Maths classes if held in the morning help pupils because they are better at concentrating before lunchtime, a study has found.
Meanwhile, youngsters will improve at history if they have lessons in the afternoon, according to a decade long study by academics at Royal Holloway, University of London.
Researchers found children are better at repetitive tasks early in the day, while tasks that involve evaluation are best left to after lunch.
Velichka Dimitrova, a doctoral researcher at Royal Holloway University, London, examined academic achievement, class schedules and absence rates at a secondary school in Bulgaria over nine years.
She found that children’s exam results could improve simply by re-arranging timetables, and this could be a cost-effective way for schools to improve their results, saying that pupils are better at concentrating before lunch time, the study has found.
Dimitrova’s findings, due to be presented at the Royal Economic Society annual conference at the University of Bristol, show that when teenagers had maths classes in the morning rather than the afternoon, their exam results improved by seven per cent.
Scheduling history classes, which require “perpetual-restructuring tasks”, in the afternoon rather than the morning, meant that test result improved by six per cent.
“In the morning our brains are better and fresher, so we are better at doing something repetitive like problem solving, where we require more speed and attention and focus,” said Dimitrova, who specialises in the economics of education and labour.
“In the afternoon it seems that this process slows down. On the other hand, history is better suited to the afternoon, when we are more creative and open to discussion”.
The findings back up psychology research which has found that it is better to perform repetitive, automatised tasks earlier in the day, while tasks that involve making sense of something are better done later on, it was suggested.

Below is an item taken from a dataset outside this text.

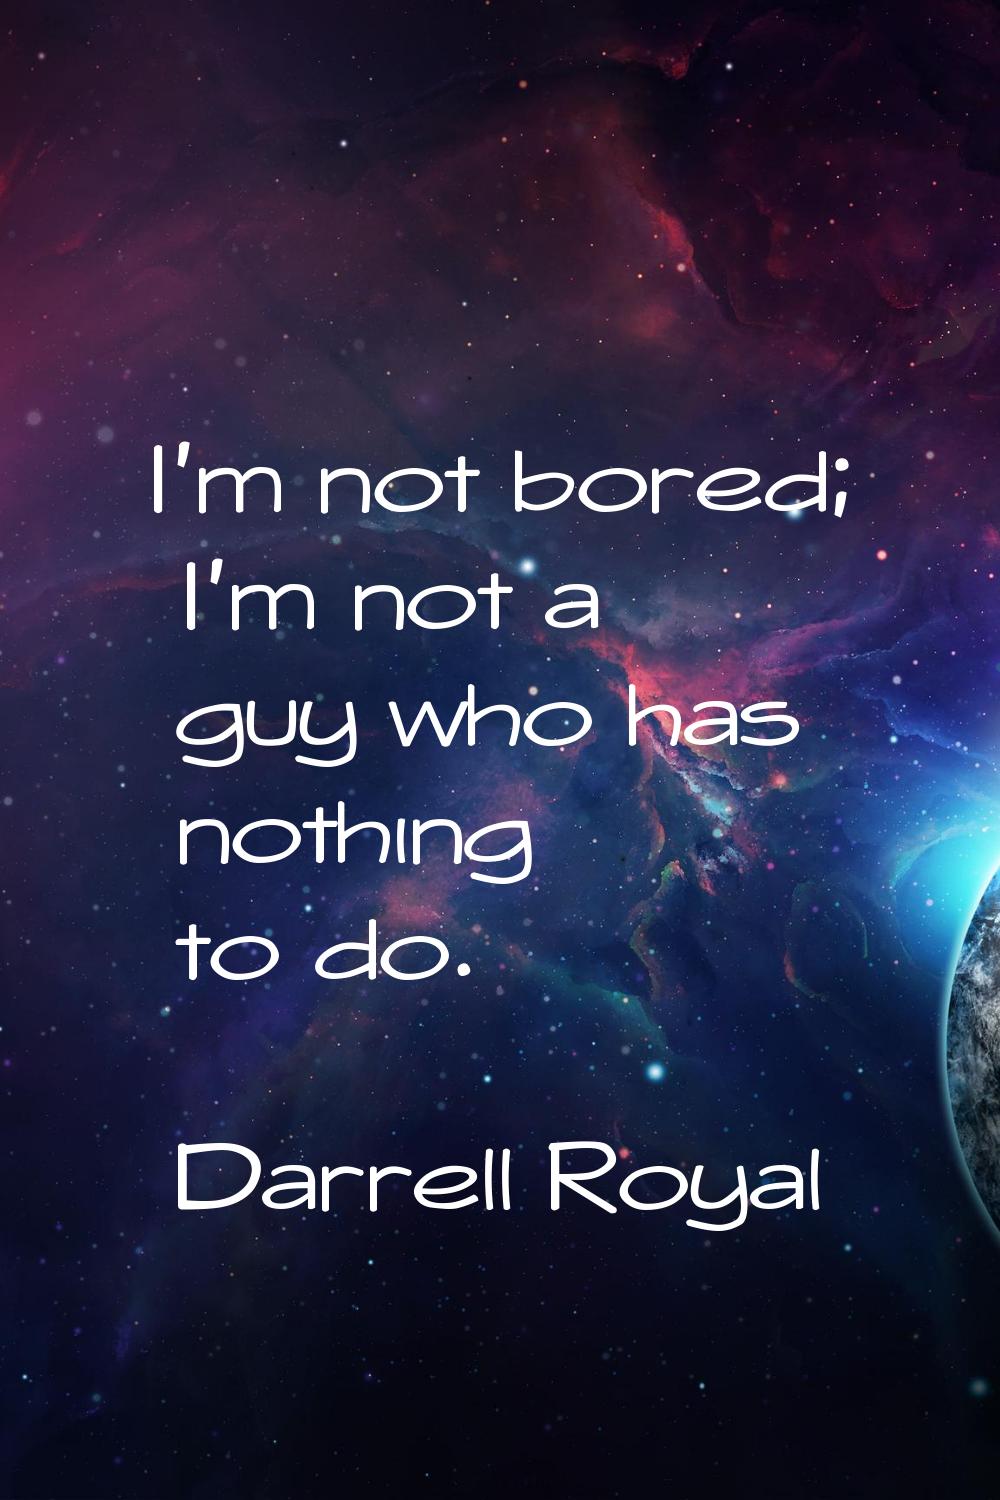 I'm not bored; I'm not a guy who has nothing to do.

The study concludes: “The findings indicate that afternoon classes lowered maths test scores and increased history test scores, which relate to psychology and neuroscience research about optimal functioning in different times of the day.”
Dimitrova, however, said: “Rearranging school schedules in a more optimal way does not require the investment of additional resources and could be a cost-effective intervention leading to improvements in academic performance.”